* _The data_:
Content starts

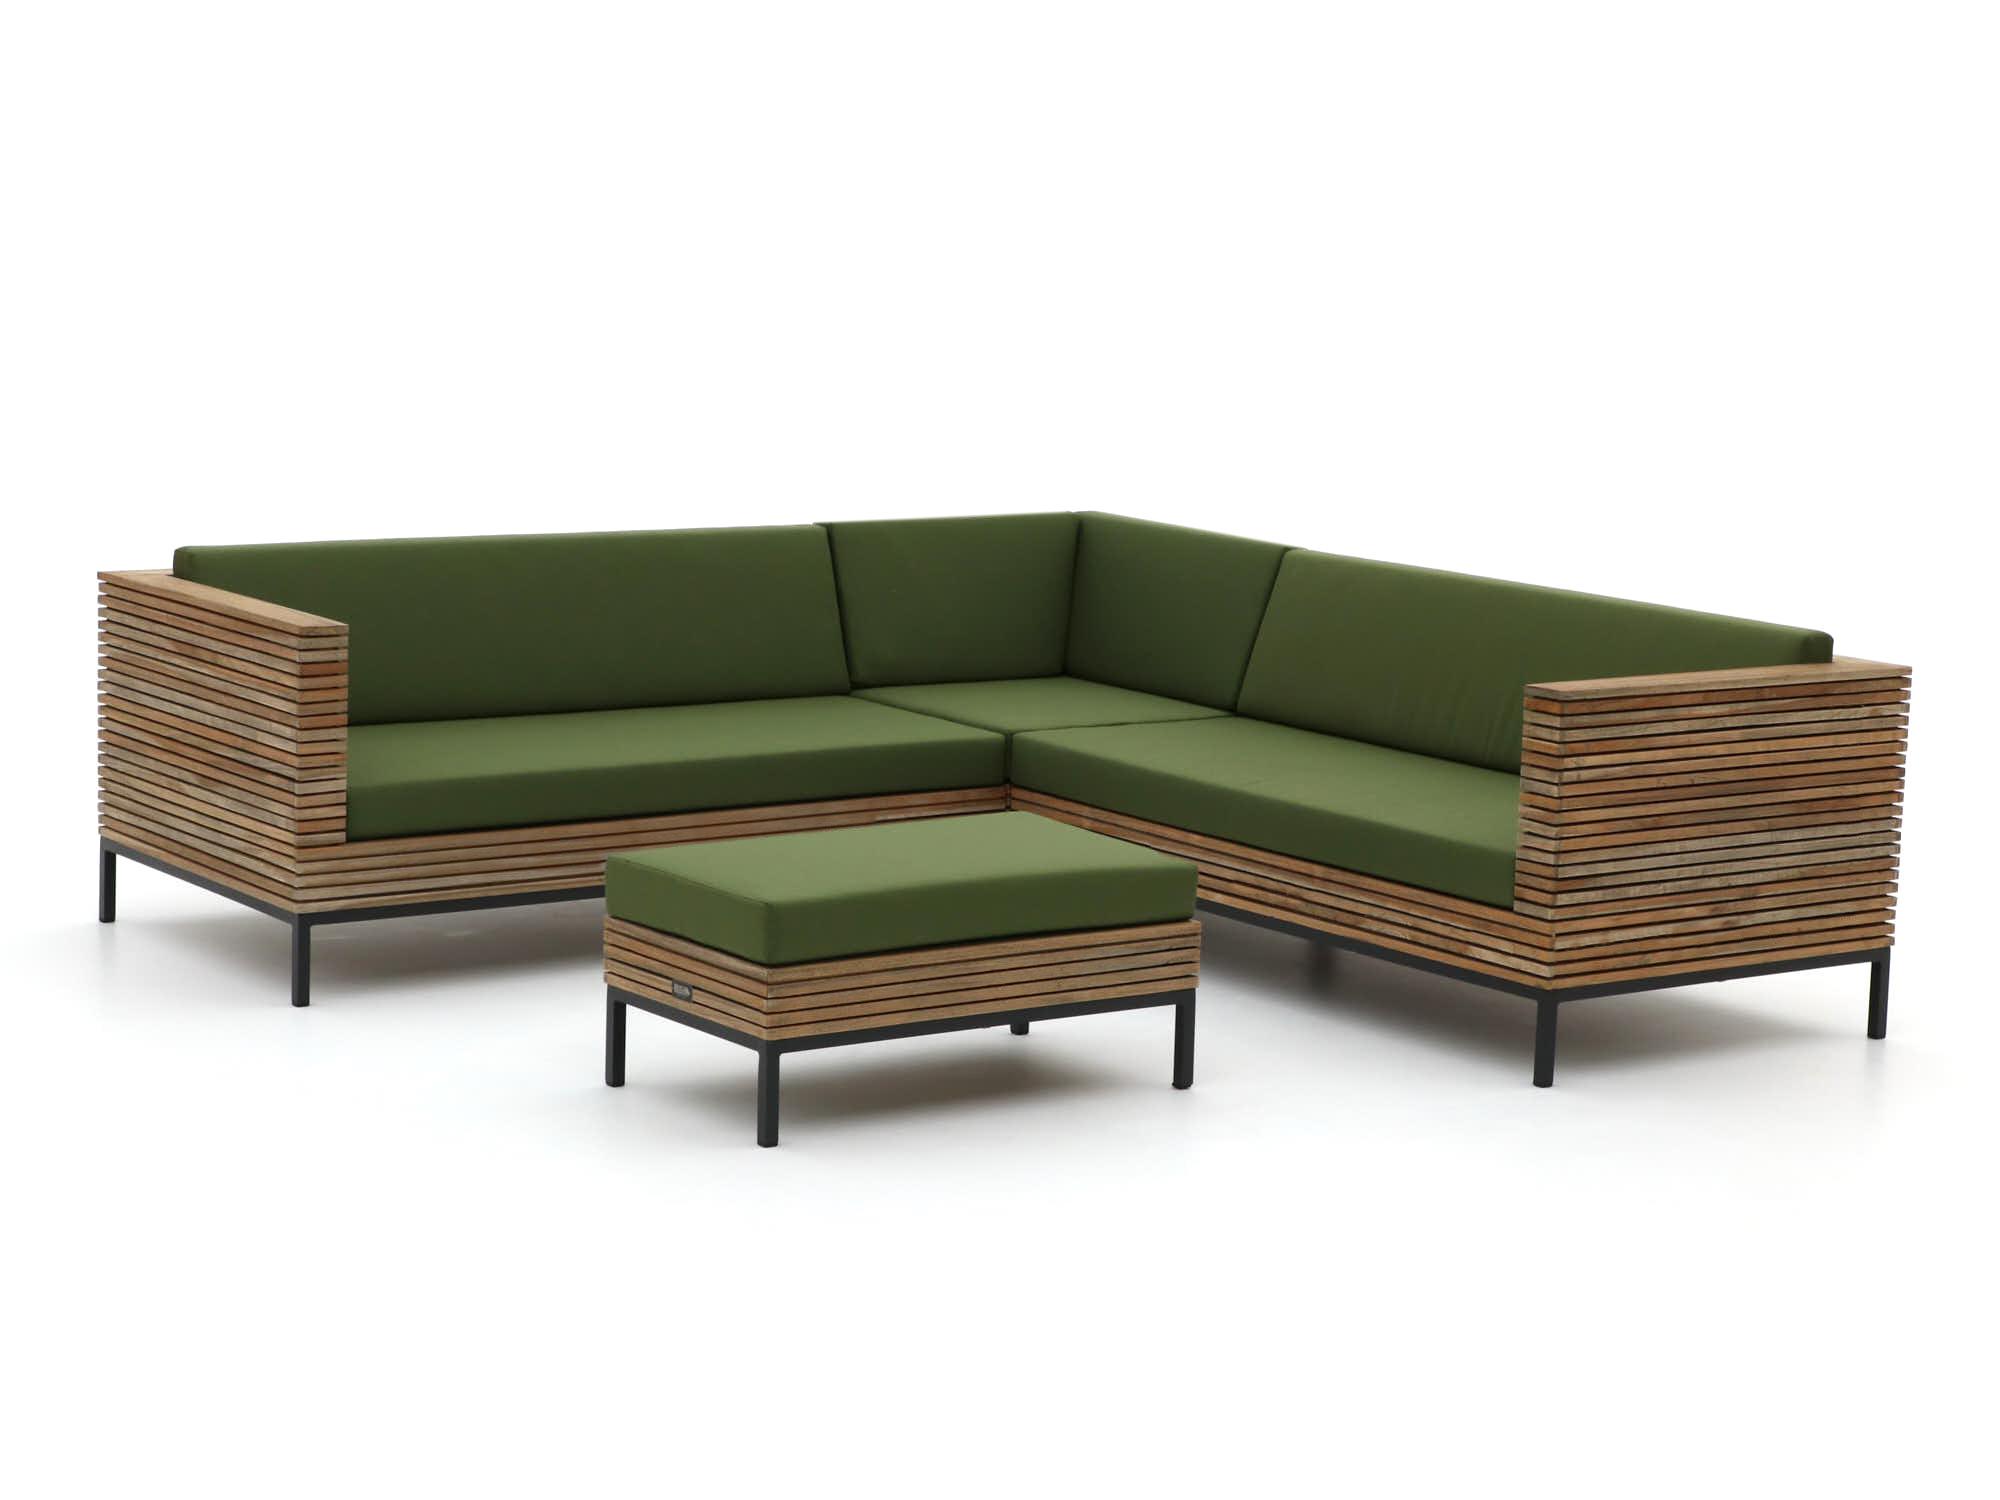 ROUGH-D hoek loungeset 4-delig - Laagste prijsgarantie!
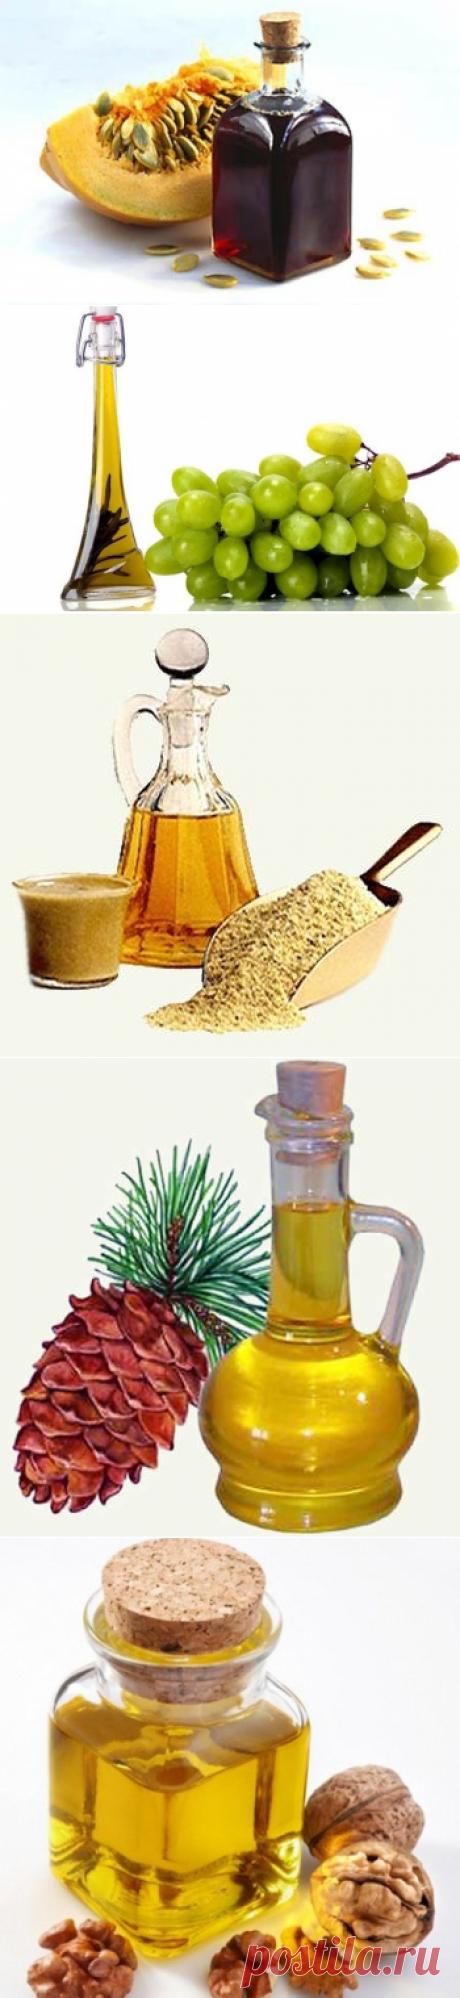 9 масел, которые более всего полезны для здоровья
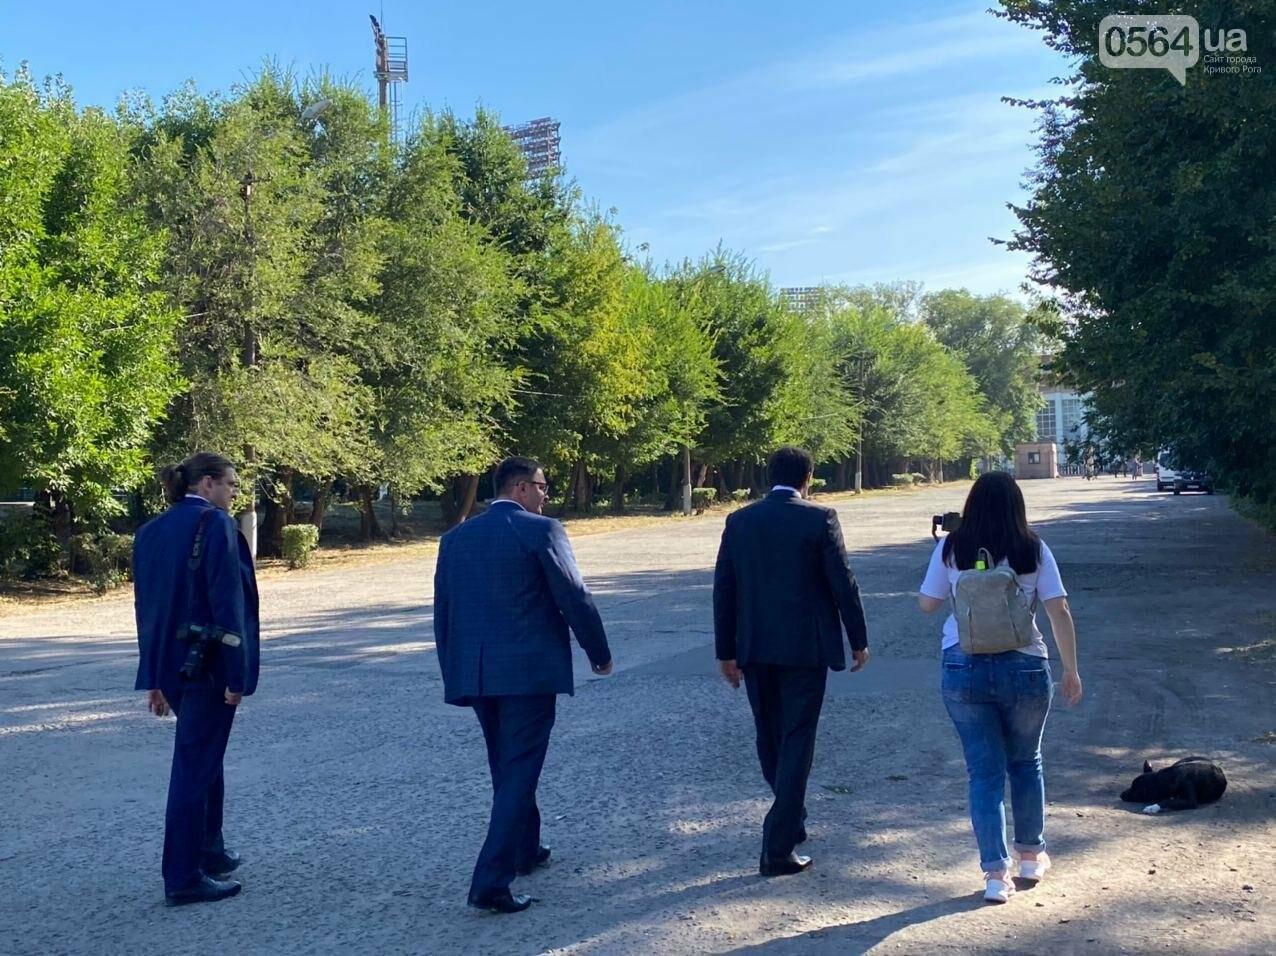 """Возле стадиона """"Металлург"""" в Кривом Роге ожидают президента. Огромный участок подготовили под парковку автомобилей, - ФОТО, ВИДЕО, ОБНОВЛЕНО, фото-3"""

Content ends

* _Exercise goal_: What is needed here is an exact repetition of the listing above, pictures excluded.

* _Solution below_:
 ROUGH-D hoek loungeset 4-delig - Laagste prijsgarantie!
 9 масел, которые более всего полезны для здоровья
 """Возле стадиона """"Металлург"""" в Кривом Роге ожидают президента. Огромный участок подготовили под парковку автомобилей, - ФОТО, ВИДЕО, ОБНОВЛЕНО, фото-3"""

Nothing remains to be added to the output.